• **Task statement**
Only these lines are needed: the first line of the entries below through the line with "District Made Mens", each returned exactly.
(Given data Opens)
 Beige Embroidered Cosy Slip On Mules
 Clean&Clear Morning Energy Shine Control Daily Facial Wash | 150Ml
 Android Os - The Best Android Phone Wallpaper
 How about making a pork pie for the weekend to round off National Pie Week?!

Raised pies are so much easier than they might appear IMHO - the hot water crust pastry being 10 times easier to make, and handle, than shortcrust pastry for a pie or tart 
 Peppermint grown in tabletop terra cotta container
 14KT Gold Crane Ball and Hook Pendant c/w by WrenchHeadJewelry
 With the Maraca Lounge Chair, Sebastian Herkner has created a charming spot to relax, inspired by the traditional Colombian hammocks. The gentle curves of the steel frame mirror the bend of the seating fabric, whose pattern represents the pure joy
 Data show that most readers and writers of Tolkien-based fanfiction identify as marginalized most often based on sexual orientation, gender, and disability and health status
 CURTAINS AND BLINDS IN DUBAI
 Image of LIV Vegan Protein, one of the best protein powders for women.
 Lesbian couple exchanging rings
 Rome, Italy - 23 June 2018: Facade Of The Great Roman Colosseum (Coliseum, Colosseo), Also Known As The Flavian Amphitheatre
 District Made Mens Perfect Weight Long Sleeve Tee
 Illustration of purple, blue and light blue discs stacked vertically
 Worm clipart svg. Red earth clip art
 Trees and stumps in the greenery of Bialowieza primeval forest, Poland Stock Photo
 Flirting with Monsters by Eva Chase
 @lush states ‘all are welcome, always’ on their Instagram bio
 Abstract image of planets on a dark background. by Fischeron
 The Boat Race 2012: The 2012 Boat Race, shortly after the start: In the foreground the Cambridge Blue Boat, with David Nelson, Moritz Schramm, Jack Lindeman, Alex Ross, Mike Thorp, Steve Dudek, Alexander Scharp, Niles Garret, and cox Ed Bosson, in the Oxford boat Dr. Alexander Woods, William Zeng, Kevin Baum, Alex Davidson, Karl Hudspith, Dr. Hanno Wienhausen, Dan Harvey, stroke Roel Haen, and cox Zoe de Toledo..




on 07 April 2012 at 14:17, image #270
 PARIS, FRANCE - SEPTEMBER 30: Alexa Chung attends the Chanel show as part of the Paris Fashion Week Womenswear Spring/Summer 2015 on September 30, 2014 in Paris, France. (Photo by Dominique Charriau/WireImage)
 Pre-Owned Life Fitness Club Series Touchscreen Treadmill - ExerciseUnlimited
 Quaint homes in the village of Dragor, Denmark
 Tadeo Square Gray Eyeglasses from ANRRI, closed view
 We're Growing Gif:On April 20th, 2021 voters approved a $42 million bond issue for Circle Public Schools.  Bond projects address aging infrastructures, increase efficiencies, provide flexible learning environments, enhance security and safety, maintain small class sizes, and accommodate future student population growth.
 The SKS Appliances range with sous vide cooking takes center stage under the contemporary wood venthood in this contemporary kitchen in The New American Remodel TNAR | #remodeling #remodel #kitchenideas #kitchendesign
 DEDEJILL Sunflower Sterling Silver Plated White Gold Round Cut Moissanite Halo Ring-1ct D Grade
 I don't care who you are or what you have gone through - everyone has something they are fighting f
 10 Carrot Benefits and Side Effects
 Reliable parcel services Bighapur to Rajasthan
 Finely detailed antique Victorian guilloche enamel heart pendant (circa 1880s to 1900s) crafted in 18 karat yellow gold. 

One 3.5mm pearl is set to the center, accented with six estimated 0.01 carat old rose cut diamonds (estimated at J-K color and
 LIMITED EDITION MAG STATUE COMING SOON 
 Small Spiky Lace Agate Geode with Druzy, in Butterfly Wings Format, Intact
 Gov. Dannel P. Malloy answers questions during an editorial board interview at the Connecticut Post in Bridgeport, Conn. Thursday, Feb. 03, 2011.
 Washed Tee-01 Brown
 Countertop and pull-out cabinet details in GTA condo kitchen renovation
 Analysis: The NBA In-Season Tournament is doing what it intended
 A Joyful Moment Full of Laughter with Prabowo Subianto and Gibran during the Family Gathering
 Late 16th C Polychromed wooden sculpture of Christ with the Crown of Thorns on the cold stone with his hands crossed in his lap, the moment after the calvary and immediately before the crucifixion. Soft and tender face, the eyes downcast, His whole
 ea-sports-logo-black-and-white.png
(Given data Closes)
• **Solution for this exercise**
 Beige Embroidered Cosy Slip On Mules
 Clean&Clear Morning Energy Shine Control Daily Facial Wash | 150Ml
 Android Os - The Best Android Phone Wallpaper
 How about making a pork pie for the weekend to round off National Pie Week?!

Raised pies are so much easier than they might appear IMHO - the hot water crust pastry being 10 times easier to make, and handle, than shortcrust pastry for a pie or tart 
 Peppermint grown in tabletop terra cotta container
 14KT Gold Crane Ball and Hook Pendant c/w by WrenchHeadJewelry
 With the Maraca Lounge Chair, Sebastian Herkner has created a charming spot to relax, inspired by the traditional Colombian hammocks. The gentle curves of the steel frame mirror the bend of the seating fabric, whose pattern represents the pure joy
 Data show that most readers and writers of Tolkien-based fanfiction identify as marginalized most often based on sexual orientation, gender, and disability and health status
 CURTAINS AND BLINDS IN DUBAI
 Image of LIV Vegan Protein, one of the best protein powders for women.
 Lesbian couple exchanging rings
 Rome, Italy - 23 June 2018: Facade Of The Great Roman Colosseum (Coliseum, Colosseo), Also Known As The Flavian Amphitheatre
 District Made Mens Perfect Weight Long Sleeve Tee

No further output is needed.